■ **What is being asked**:
Only the lines from the top of the data through the line containing "Alpina FM27 Alte" should be duplicated, exactly as they appear.

■ **Data records**:
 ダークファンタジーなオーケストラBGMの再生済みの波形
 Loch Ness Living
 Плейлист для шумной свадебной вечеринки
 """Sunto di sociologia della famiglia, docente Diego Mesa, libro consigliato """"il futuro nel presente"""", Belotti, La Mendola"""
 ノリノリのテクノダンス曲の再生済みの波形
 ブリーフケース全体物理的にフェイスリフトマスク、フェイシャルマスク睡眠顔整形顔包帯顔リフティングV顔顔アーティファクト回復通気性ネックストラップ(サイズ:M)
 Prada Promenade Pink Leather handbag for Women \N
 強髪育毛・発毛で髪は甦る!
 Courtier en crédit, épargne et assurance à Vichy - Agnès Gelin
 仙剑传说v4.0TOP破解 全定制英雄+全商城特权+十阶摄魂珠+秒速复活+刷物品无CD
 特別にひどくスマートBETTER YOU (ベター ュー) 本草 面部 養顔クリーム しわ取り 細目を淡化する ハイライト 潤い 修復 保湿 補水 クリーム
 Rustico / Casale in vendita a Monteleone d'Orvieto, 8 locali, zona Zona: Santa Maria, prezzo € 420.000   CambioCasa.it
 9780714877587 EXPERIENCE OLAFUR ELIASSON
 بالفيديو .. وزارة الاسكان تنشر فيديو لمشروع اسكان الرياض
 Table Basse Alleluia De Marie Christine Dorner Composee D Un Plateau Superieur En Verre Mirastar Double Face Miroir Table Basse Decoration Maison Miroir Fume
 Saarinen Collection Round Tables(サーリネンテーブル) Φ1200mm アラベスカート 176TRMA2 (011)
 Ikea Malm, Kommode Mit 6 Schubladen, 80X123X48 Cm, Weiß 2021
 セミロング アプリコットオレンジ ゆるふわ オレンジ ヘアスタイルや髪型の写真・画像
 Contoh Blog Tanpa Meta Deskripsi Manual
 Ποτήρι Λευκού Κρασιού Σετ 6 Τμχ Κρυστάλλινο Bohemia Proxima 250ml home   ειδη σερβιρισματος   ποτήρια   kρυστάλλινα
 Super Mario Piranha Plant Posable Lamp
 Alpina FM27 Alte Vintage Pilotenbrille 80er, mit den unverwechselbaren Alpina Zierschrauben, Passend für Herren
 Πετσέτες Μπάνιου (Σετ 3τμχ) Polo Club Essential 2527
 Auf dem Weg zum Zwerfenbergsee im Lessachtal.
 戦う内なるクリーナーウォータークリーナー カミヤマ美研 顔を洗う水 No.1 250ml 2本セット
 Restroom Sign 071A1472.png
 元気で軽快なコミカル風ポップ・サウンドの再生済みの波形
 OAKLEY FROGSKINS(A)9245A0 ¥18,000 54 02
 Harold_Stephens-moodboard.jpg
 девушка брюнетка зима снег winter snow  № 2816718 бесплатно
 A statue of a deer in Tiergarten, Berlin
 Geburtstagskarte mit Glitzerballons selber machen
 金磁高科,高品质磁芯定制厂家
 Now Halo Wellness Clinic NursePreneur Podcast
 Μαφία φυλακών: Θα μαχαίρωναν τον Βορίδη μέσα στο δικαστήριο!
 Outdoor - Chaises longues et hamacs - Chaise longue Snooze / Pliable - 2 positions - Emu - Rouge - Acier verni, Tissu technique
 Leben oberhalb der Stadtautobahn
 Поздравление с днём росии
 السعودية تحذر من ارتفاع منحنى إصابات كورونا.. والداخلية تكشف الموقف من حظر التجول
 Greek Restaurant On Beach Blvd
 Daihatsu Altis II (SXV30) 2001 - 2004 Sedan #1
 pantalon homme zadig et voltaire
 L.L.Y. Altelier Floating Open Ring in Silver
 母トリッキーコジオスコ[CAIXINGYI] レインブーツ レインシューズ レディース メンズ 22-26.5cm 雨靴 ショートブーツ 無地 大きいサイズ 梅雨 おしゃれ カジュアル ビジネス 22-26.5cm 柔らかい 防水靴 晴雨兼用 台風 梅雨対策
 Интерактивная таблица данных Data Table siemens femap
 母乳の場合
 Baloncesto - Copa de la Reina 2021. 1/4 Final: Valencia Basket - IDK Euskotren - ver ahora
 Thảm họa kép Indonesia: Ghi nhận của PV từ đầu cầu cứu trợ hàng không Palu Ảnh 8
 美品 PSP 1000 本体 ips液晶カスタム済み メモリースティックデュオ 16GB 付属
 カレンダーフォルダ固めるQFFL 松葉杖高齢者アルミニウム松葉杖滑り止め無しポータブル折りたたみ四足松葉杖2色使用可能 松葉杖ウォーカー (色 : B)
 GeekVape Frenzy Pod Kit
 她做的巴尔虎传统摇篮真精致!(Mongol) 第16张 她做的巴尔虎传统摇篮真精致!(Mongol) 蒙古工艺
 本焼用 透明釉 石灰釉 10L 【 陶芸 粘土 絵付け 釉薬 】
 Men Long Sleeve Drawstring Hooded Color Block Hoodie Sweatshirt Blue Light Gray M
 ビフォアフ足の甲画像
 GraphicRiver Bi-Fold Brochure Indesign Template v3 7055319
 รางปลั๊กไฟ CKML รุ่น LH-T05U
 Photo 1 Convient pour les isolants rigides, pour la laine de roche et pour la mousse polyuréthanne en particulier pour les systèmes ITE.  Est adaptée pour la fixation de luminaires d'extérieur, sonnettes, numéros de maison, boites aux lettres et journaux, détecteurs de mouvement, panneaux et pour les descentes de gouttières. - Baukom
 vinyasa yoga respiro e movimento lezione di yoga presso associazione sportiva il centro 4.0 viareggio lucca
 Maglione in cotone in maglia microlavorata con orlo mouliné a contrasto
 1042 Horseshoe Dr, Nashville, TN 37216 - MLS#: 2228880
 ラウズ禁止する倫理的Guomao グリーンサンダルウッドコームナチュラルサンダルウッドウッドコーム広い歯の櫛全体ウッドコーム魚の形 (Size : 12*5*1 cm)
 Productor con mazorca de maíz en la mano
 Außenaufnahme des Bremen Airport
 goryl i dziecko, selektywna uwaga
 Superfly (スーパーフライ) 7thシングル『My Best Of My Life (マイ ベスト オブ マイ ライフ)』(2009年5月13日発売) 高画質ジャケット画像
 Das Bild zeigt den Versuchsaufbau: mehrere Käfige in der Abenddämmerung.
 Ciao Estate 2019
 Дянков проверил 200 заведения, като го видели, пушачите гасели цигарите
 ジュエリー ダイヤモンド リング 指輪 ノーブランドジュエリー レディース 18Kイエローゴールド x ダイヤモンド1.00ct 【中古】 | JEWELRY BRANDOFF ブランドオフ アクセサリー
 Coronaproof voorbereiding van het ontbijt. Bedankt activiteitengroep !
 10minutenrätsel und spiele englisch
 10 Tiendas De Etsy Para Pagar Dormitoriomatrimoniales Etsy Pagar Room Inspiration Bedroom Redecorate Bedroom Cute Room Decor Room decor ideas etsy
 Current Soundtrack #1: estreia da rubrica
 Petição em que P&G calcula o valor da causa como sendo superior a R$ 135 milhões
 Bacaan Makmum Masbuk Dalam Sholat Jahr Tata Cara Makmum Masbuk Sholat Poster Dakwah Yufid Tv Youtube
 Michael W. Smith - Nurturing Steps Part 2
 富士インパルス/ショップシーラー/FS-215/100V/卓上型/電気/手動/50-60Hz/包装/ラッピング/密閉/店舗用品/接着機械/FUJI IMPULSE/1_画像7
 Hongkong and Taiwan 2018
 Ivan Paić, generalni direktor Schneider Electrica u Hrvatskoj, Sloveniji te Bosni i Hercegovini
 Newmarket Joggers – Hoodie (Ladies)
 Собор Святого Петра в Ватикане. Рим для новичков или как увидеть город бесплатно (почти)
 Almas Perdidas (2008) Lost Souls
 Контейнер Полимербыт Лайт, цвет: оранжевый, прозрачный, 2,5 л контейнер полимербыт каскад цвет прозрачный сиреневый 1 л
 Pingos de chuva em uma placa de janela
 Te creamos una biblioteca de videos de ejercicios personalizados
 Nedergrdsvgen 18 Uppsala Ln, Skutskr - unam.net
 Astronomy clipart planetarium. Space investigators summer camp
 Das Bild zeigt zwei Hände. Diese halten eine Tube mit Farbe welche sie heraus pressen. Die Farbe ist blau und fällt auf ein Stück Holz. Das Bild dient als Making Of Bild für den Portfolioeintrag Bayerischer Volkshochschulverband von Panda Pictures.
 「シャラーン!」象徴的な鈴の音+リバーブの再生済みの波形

■ **Result of this task**:
 ダークファンタジーなオーケストラBGMの再生済みの波形
 Loch Ness Living
 Плейлист для шумной свадебной вечеринки
 """Sunto di sociologia della famiglia, docente Diego Mesa, libro consigliato """"il futuro nel presente"""", Belotti, La Mendola"""
 ノリノリのテクノダンス曲の再生済みの波形
 ブリーフケース全体物理的にフェイスリフトマスク、フェイシャルマスク睡眠顔整形顔包帯顔リフティングV顔顔アーティファクト回復通気性ネックストラップ(サイズ:M)
 Prada Promenade Pink Leather handbag for Women \N
 強髪育毛・発毛で髪は甦る!
 Courtier en crédit, épargne et assurance à Vichy - Agnès Gelin
 仙剑传说v4.0TOP破解 全定制英雄+全商城特权+十阶摄魂珠+秒速复活+刷物品无CD
 特別にひどくスマートBETTER YOU (ベター ュー) 本草 面部 養顔クリーム しわ取り 細目を淡化する ハイライト 潤い 修復 保湿 補水 クリーム
 Rustico / Casale in vendita a Monteleone d'Orvieto, 8 locali, zona Zona: Santa Maria, prezzo € 420.000   CambioCasa.it
 9780714877587 EXPERIENCE OLAFUR ELIASSON
 بالفيديو .. وزارة الاسكان تنشر فيديو لمشروع اسكان الرياض
 Table Basse Alleluia De Marie Christine Dorner Composee D Un Plateau Superieur En Verre Mirastar Double Face Miroir Table Basse Decoration Maison Miroir Fume
 Saarinen Collection Round Tables(サーリネンテーブル) Φ1200mm アラベスカート 176TRMA2 (011)
 Ikea Malm, Kommode Mit 6 Schubladen, 80X123X48 Cm, Weiß 2021
 セミロング アプリコットオレンジ ゆるふわ オレンジ ヘアスタイルや髪型の写真・画像
 Contoh Blog Tanpa Meta Deskripsi Manual
 Ποτήρι Λευκού Κρασιού Σετ 6 Τμχ Κρυστάλλινο Bohemia Proxima 250ml home   ειδη σερβιρισματος   ποτήρια   kρυστάλλινα
 Super Mario Piranha Plant Posable Lamp
 Alpina FM27 Alte Vintage Pilotenbrille 80er, mit den unverwechselbaren Alpina Zierschrauben, Passend für Herren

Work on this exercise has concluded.